**TASK STATEMENT**
Every line of the listing belongs in your answer exactly as written; the images do not.

**THE DATA**
★ ★ ★ ★ ★

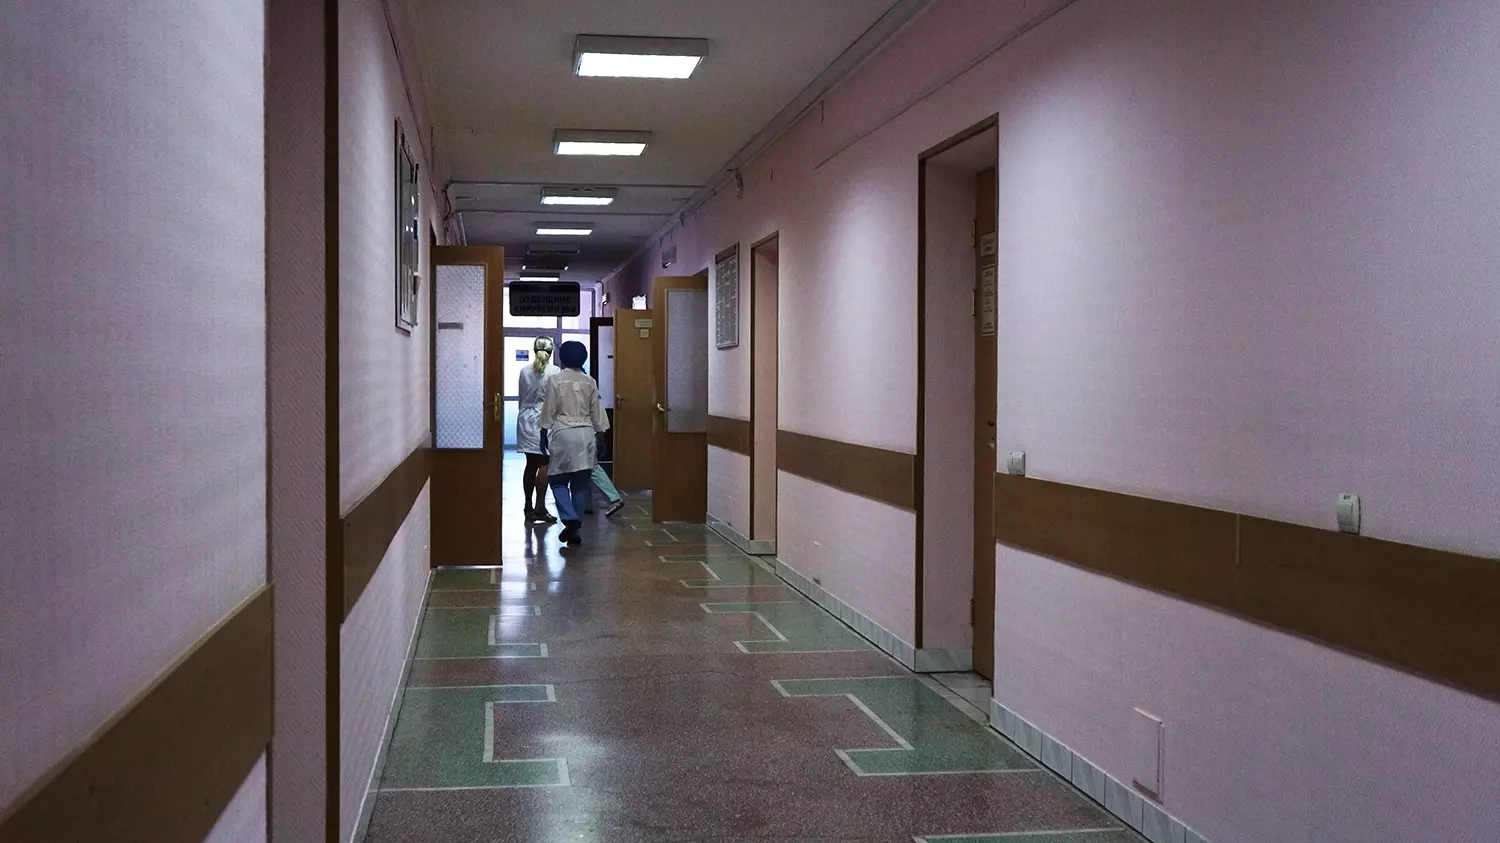 Родственница жены Янковского получила место в больнице Екатеринбурга после жалобы
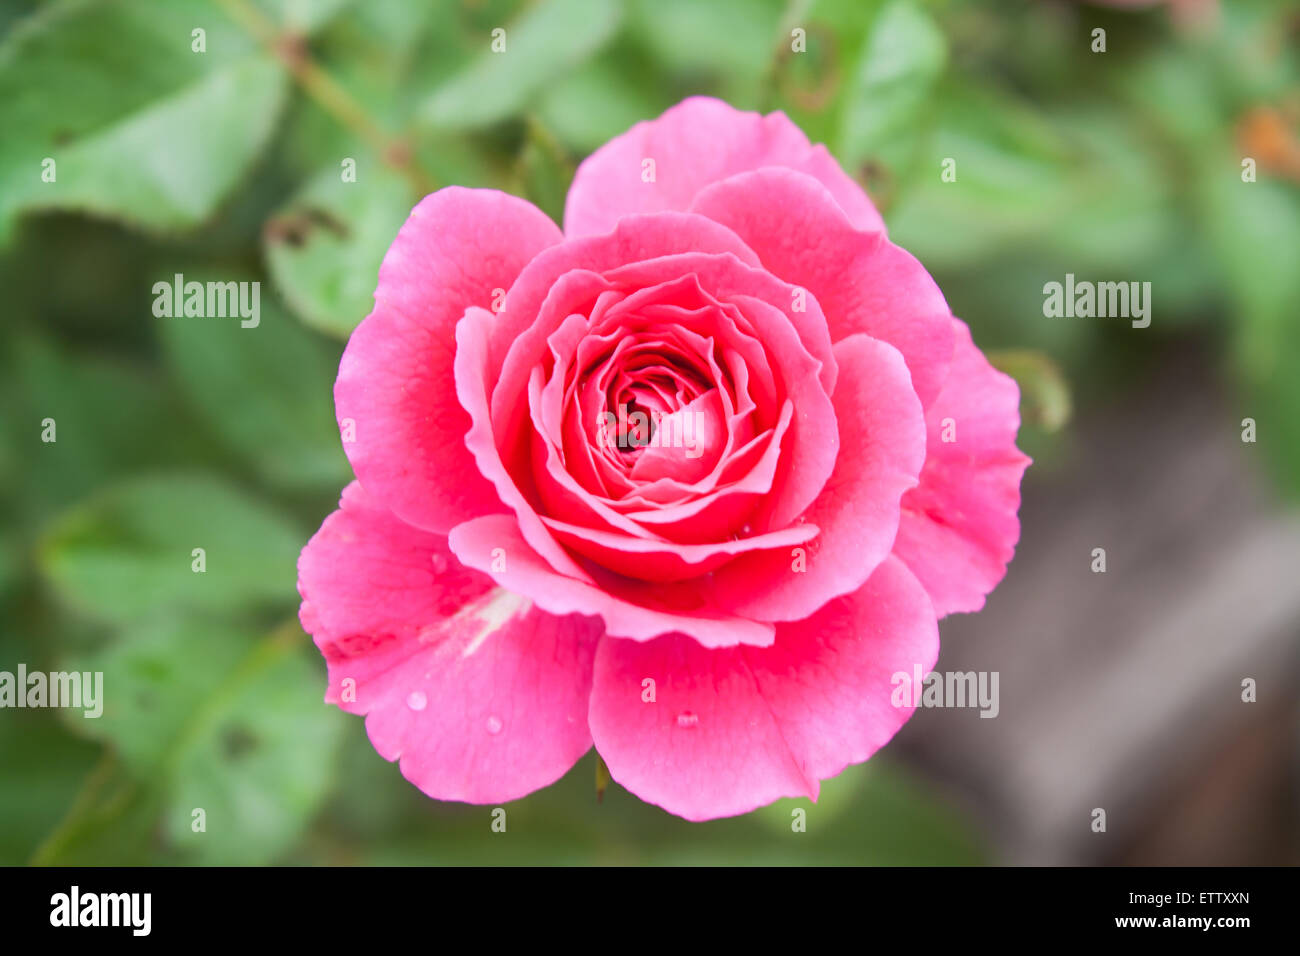 Belle fleur rose rose (Rosa sp.) dans un parc Banque D'Images
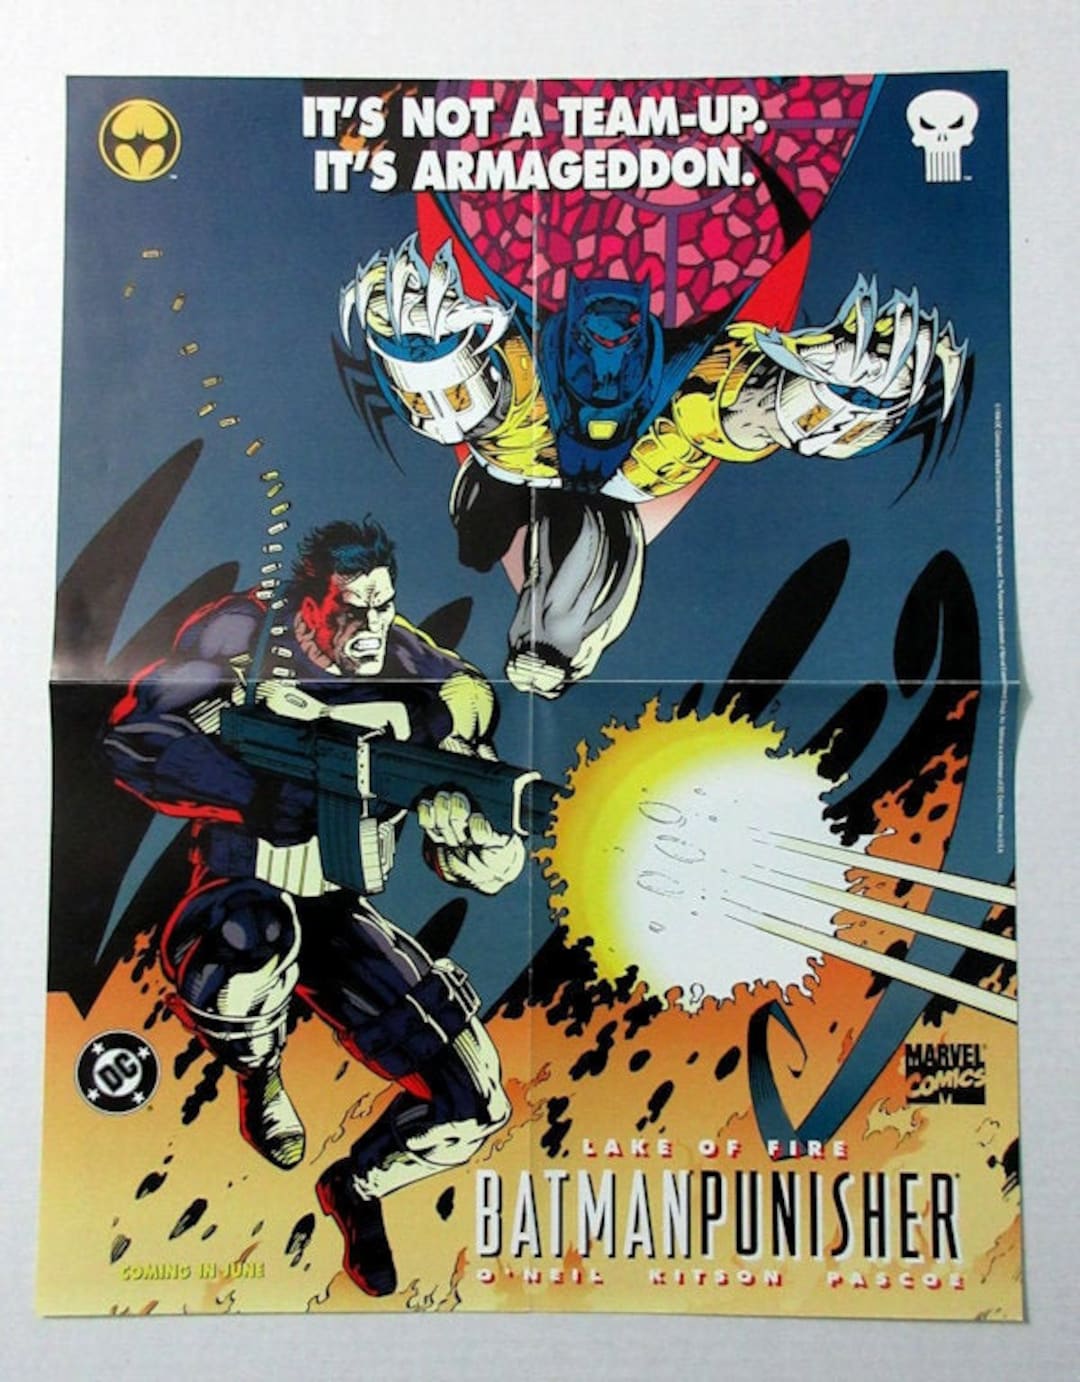 Have a Punisher mobile wallpaper. : r/Marvel

★ ★ ★ ★ ★

**REPLY TO THE TASK**
 Родственница жены Янковского получила место в больнице Екатеринбурга после жалобы
 Belle fleur rose rose (Rosa sp.) dans un parc Banque D'Images
 Have a Punisher mobile wallpaper. : r/Marvel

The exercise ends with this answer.